The even more sobering thought, amid the glowing online commentary, is this: People seem to have forgotten that, once upon a time, Juan Ponce Enrile was the martial law administrator, jailor to thousands, many of whom vanished during that dark night in our nation’s history, whose survivors remain physically or psychologically scarred for life.
Redemption is perpetually possible, the faith teaches. Enrile had that chance at Edsa 1, that one brief shining moment that could have erased the stain of the Marcosian nightmare. Yet he has since whittled away the prospect of deliverance and, until the impeachment trial, hovered between the roles of political elder and political survivor. Enrile’s place in history should be secured not by us forgetting his inglorious role under martial law, but by him giving us a fair trial that would reconcile law with justice.
Perhaps the old fogies among us should recall that Edsa 1 happened 26 years ago and Edsa 2, a good 11 years ago. The college kids today were not even born yet at Edsa 1 and were only in grade school (approximately Grades 2-4) during Edsa 2. I shudder when I realize that what was Current Events for me is Hekasi (Heograpiya, Kasaysayan at Sibika) for them. We cannot blame them for their short memories. After all, my generation lived through the anti-martial law struggles as a life passion; their generation learned about it for the final exams. Short memories?

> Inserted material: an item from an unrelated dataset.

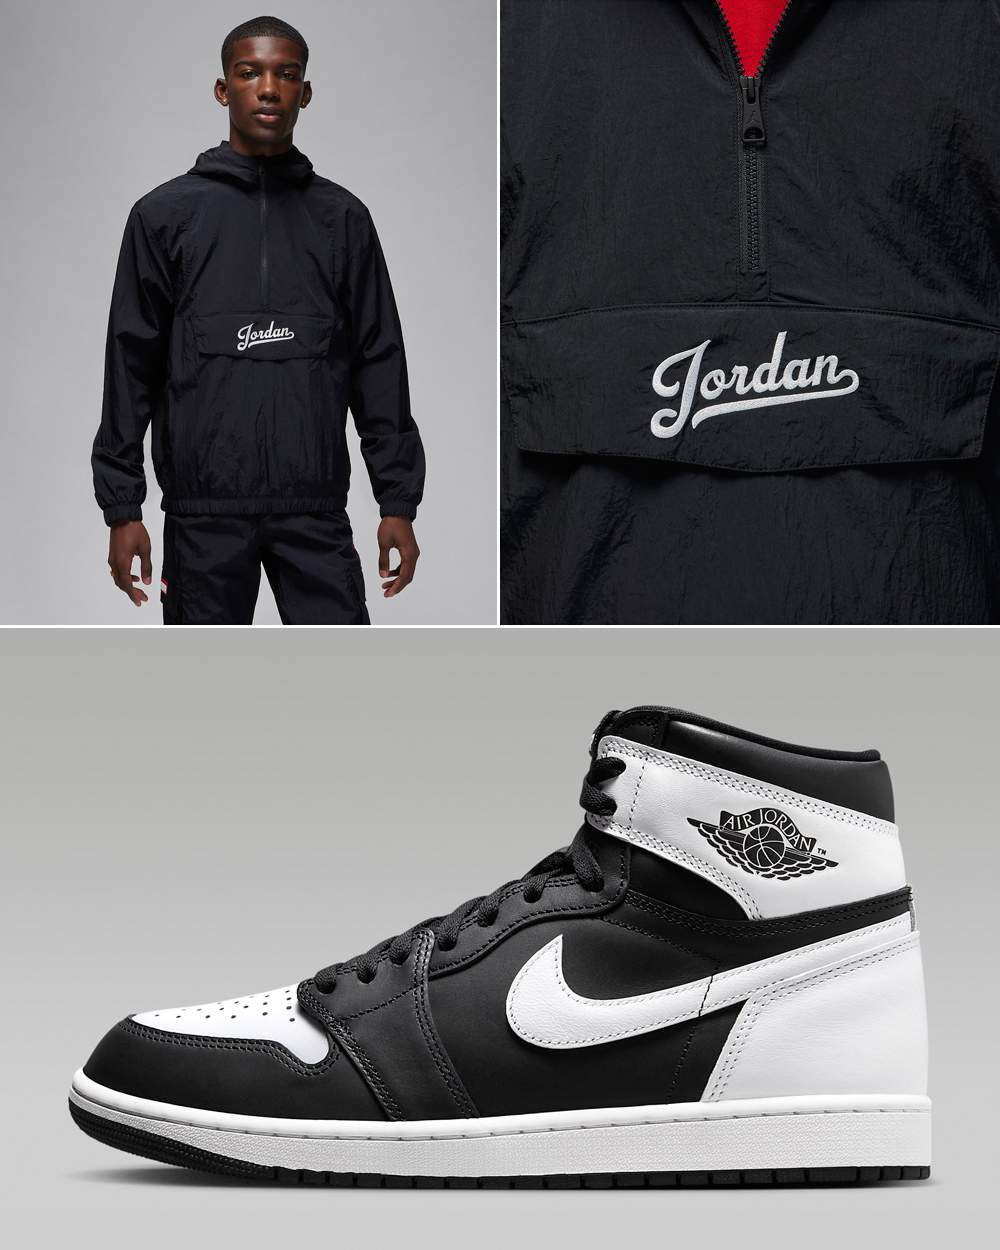 Air-Jordan-1-High-OG-Black-White-Jacket-Outfit

But isn’t short-term memory precisely what is most useful for exams?
In highly politicized cases, the trial is a theater. That has always been the case. It is thus a perennial problem that the audience may not know the larger saga of which the courtroom drama is just one chapter. What is different now is that the new technologies and social networks enable that audience to speak more loudly but not always more wisely.